Family friend remembers O.J. Simpson's rise to fame long before murder trial infamy
O.J. Simpson wasn't just one of San Francisco's most famous sons; he may have been the most famous for a time. For some, Simpson was a friend who achieved unparalleled stardom, only to see that fame tarnished by the subsequent notoriety of his murder trial.
"It is something that when you can say two letters, you just say O.J," said Timothy Allen Simon. "Just say O.J. people know who you're talking about."
For Simon, the letters O.J. are more than the name of the San Francisco sports hero who became notorious. He knew Simpson from the time he was a child.
"I am a native San Franciscan," Simon said. "O.J., maybe one of the most famous native San Franciscans of all time. I've known his family my entire life."
He says the story of O.J. Simpson is one that has changed the country. It was, at first, the fairy tale success of a young man famously from San Francisco's poorest neighborhoods.
"You might say this is what I'm trying to do. I'm trying to make it," Simpson said in an interview in 1967. "I came from a pretty rough neighborhood around here in Hunters Point."

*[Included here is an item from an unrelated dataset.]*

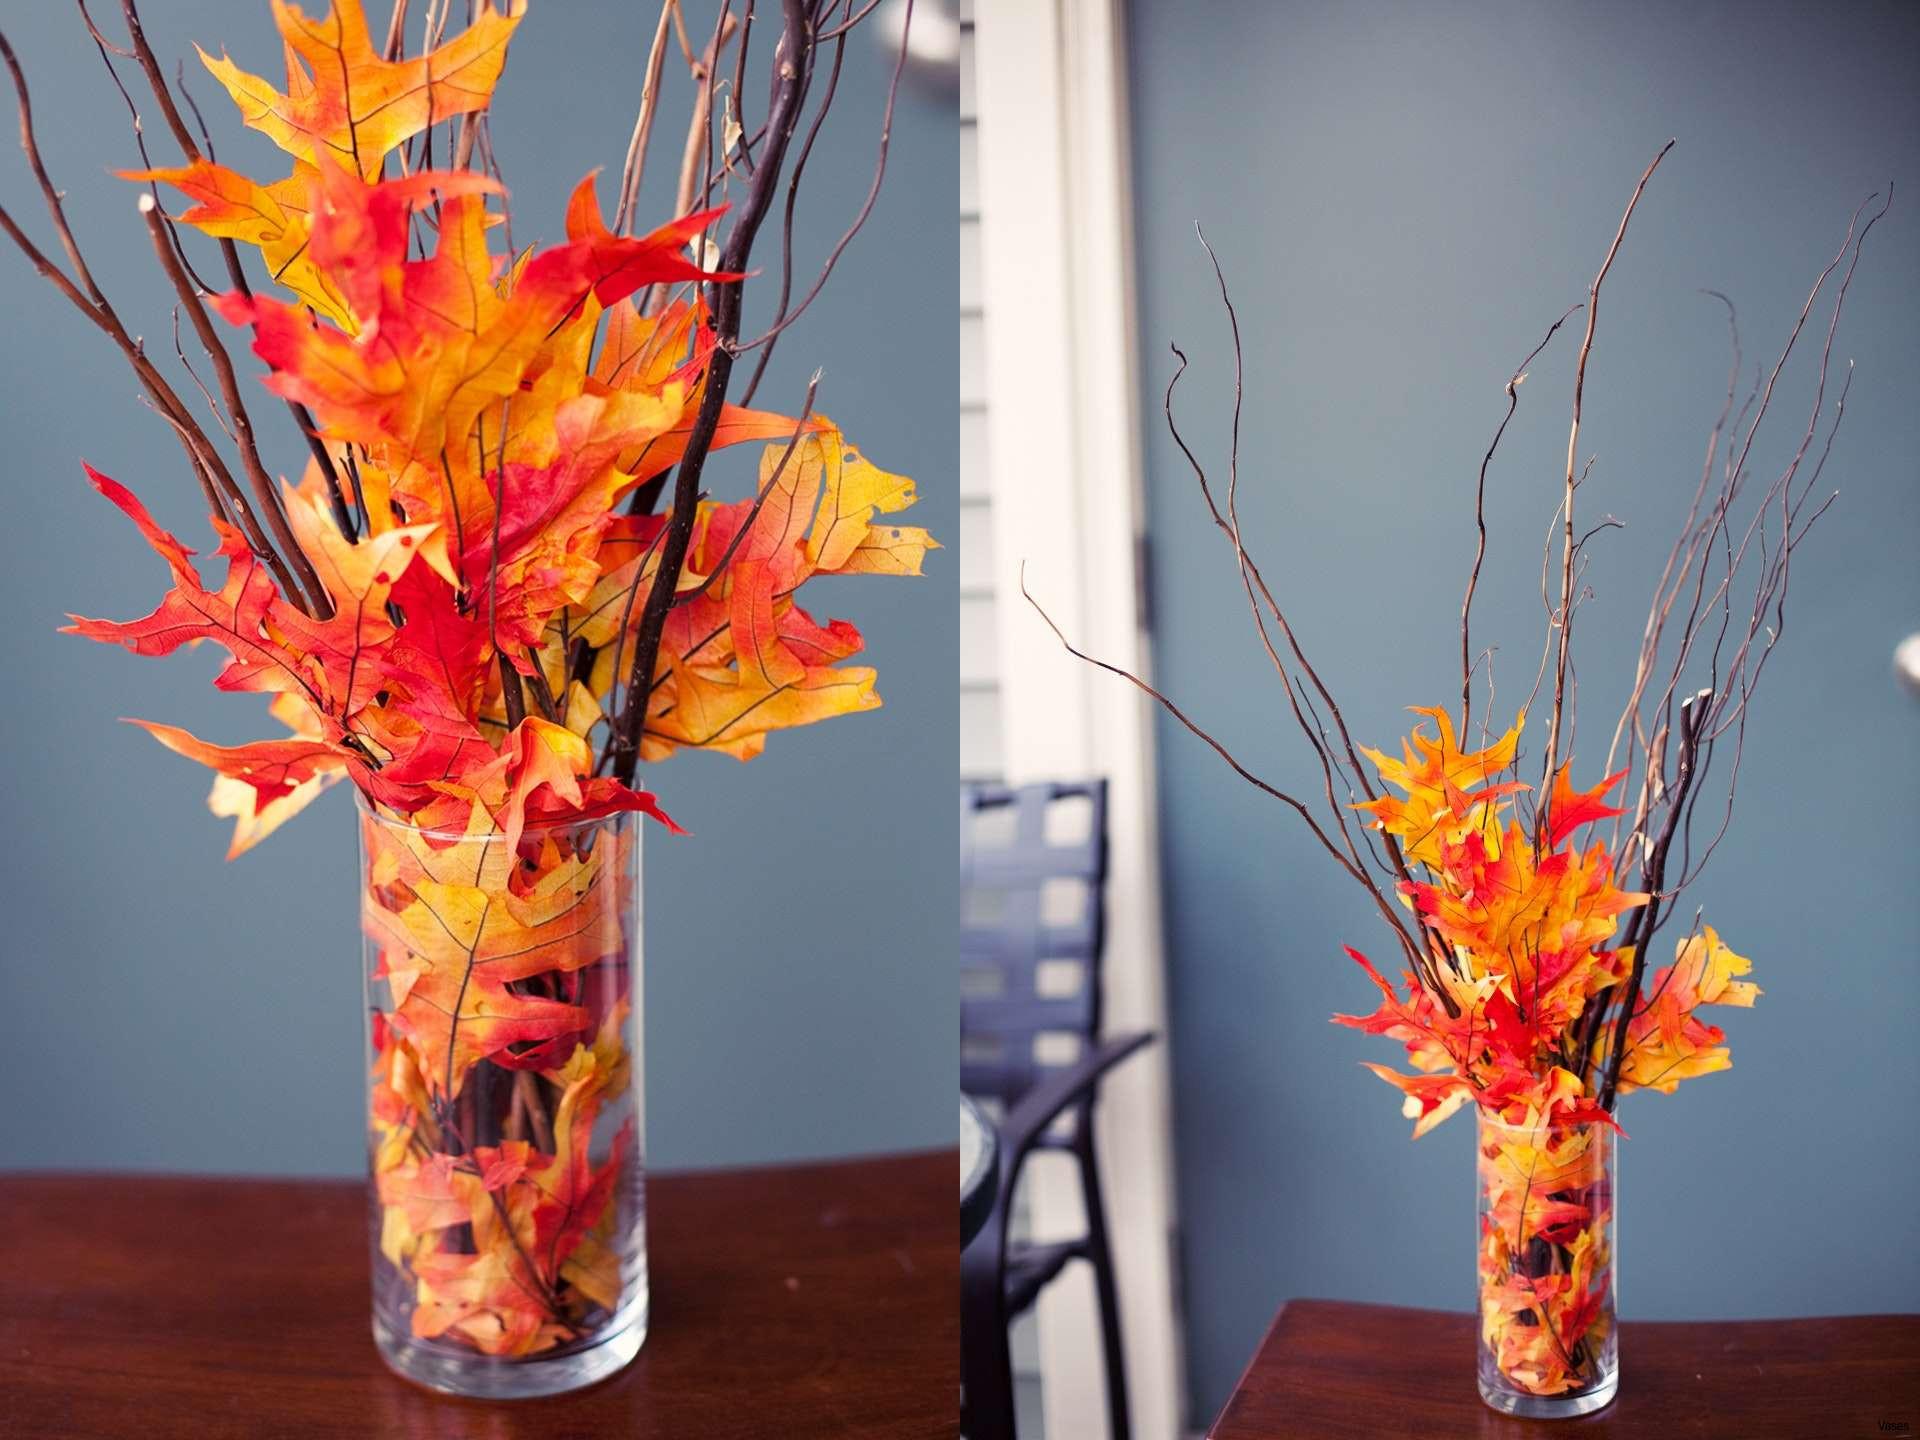 Decorating Ideas for Hurricane Vases Of Vases Fall Vase Ideas Decorating Idea Diy Lighted Autumn Hurricane within Vases Fall Vase Ideas Decorating Idea Diy Lighted Autumn Hurricane Design Ideas Of Diy Decorating Ideas

"Yeah, it was tough," Simon said of the neighborhood. "It was tough. Life is tough. So we say tough. I hope your viewers don't think it was because of the zip code necessarily."
"And I feel that if I make it, that would be a good example for other kids up there," Simpson said of his rise to fame during the 1967 interview when he was still on the rise at USC.
"Not out of wealth or opulence or with a silver spoon," Simon said of how Simpson accomplished it. "But that if you apply yourself, if you work hard, that you can become something great. And he did."
And then there are the other chapters of the Simpson story. The chase, the murder charges, and the trial of the century.
"I would say that maybe the trial of two centuries," Simon added. "In the fact that it is still as vivid in the minds of those who witnessed the trial. And I think this is an important point that it created an industry within the media itself."
The media frenzy surrounding a trial that would run right through America's racial divisions. An attorney, Simon watched the verdict with his colleagues.
"Our department of over 200 people went to the law library to watch the verdict," he recalled. "We were families. In some cases, folks were literally married. They knew that verdict was going to be controversial. But I think people were trying to not be in a situation where their emotions could impact their professional friendships."
And the reaction to the verdict, in Simon's mind, another part of a long complicated story that riveted the nation, and challenged it.
"He was acquitted," Simon explained. "By a jury of his peers. Which means that he's innocent. Much of America, and I would include, no offense, the media, decided, 'Well, even though he was acquitted, we are going to make the determination that this man was guilty.' And that is un-American. If we're going to call ourselves Americans, we should stand. True, we should be devoted to that concept, that construct, of our Jeffersonian democracy."